Only one stretch of the records below is wanted: the lines from the one holding "Elizabeth Arden Flawless" through the one holding "Lida pl stica". Return it exactly, both ends included.

### LISTED RECORDS
-=-=-=-=-

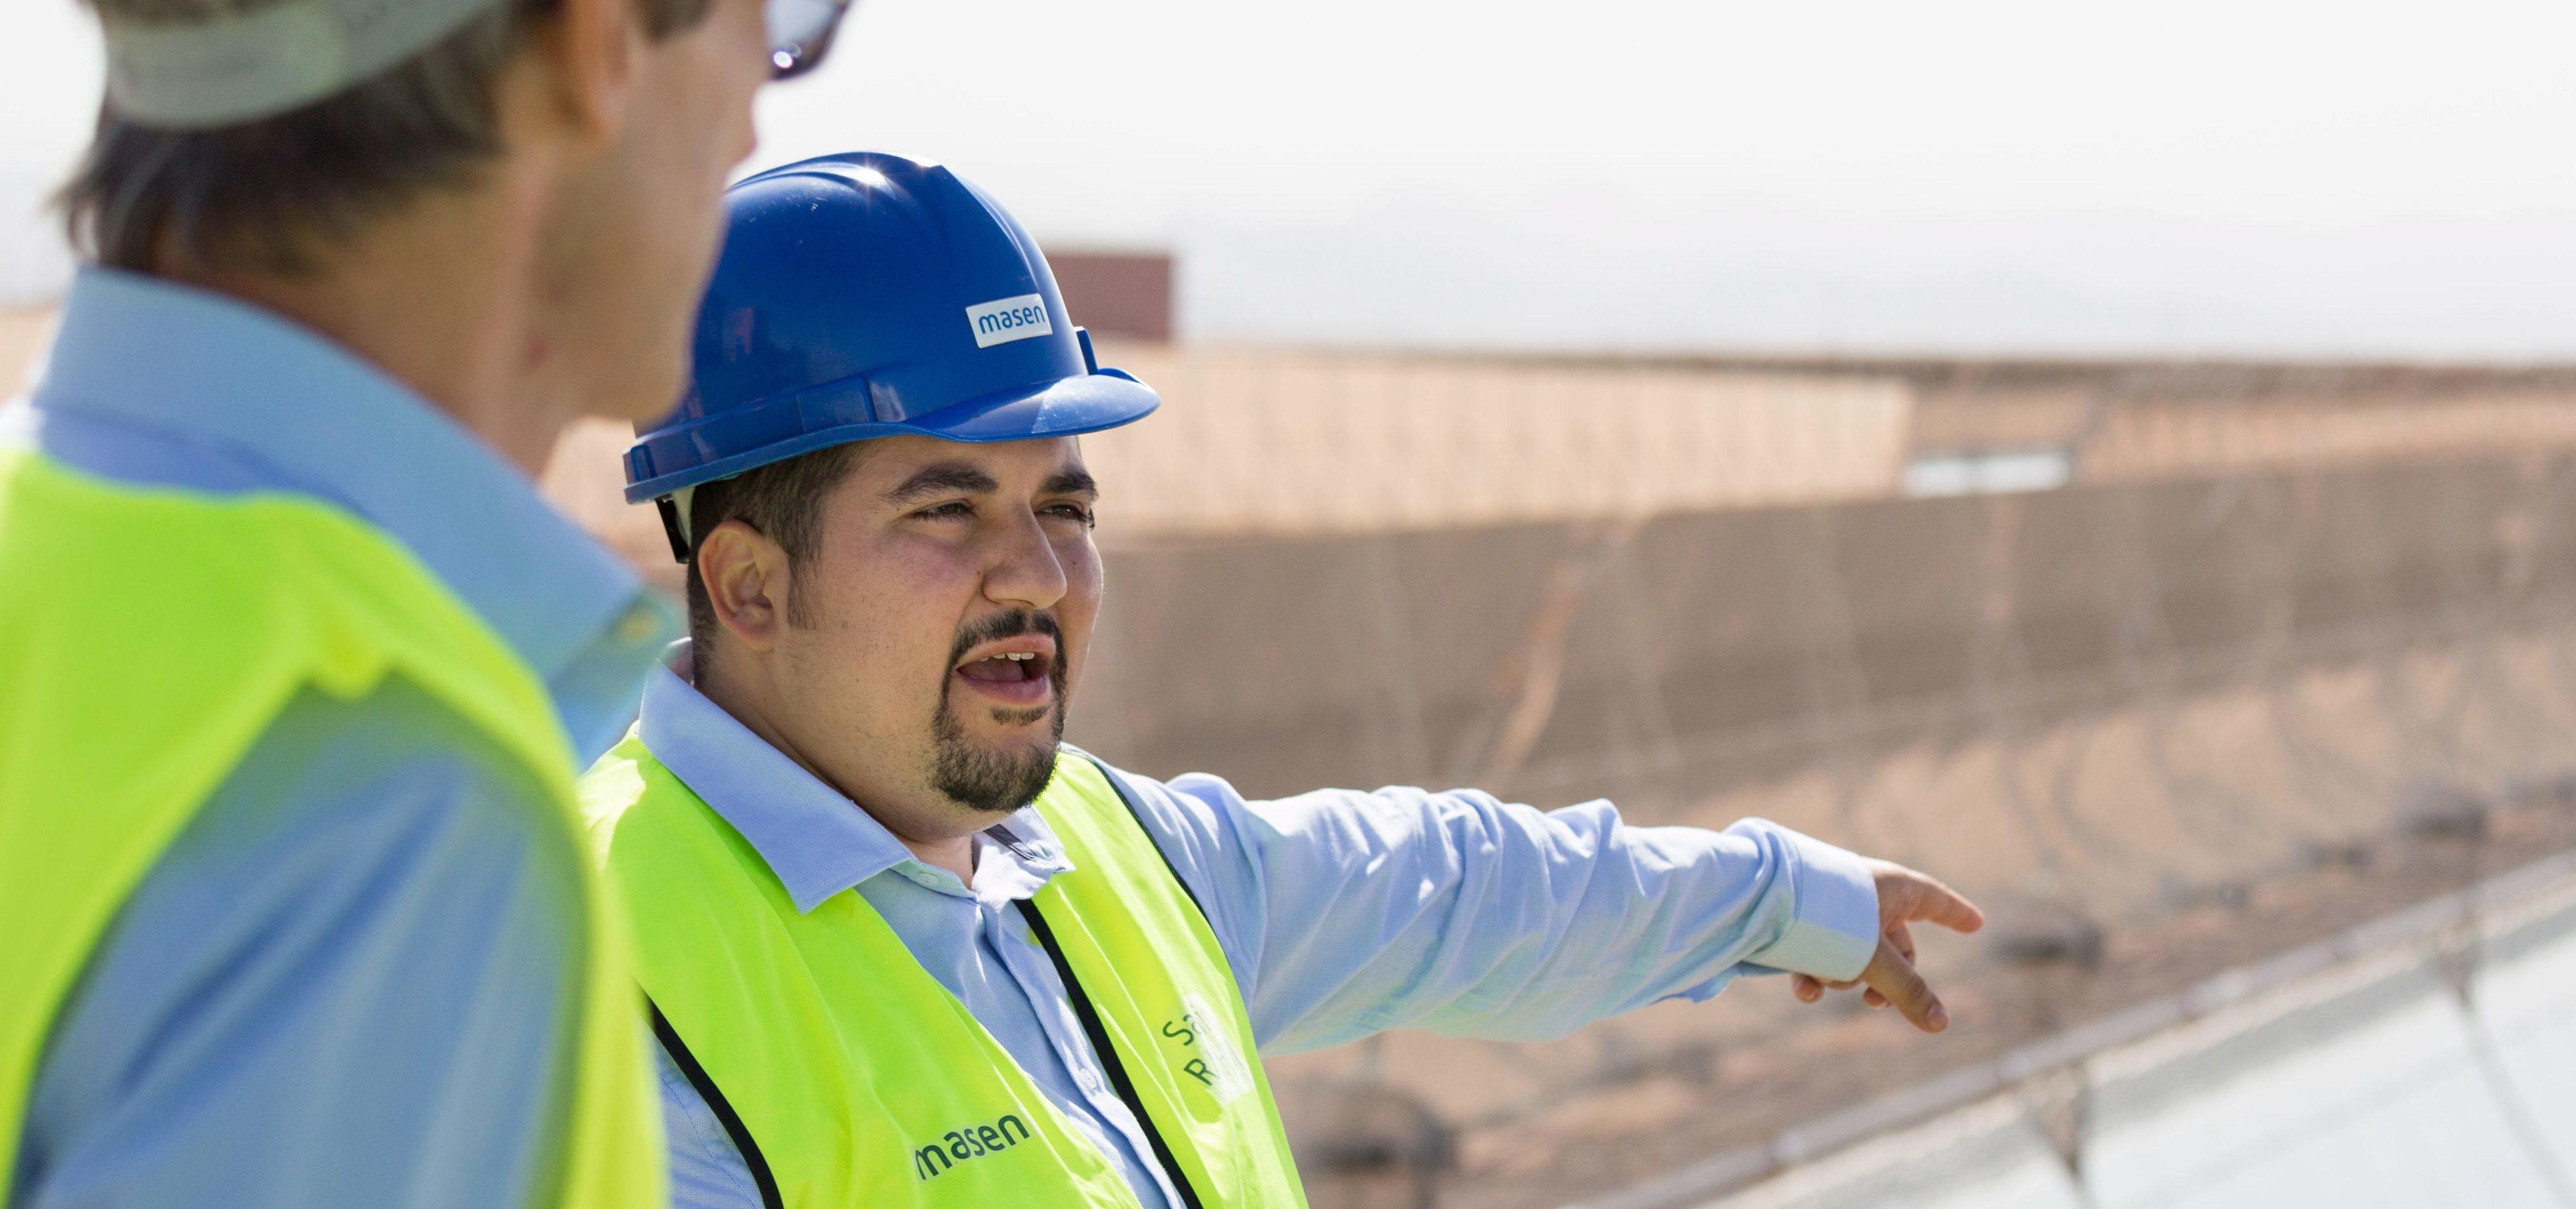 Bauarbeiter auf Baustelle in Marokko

-=-=-=-=-

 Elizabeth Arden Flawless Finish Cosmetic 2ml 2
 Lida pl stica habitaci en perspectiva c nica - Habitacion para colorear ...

-=-=-=-=-

### RESPONSE AREA
 Elizabeth Arden Flawless Finish Cosmetic 2ml 2
 Lida pl stica habitaci en perspectiva c nica - Habitacion para colorear ...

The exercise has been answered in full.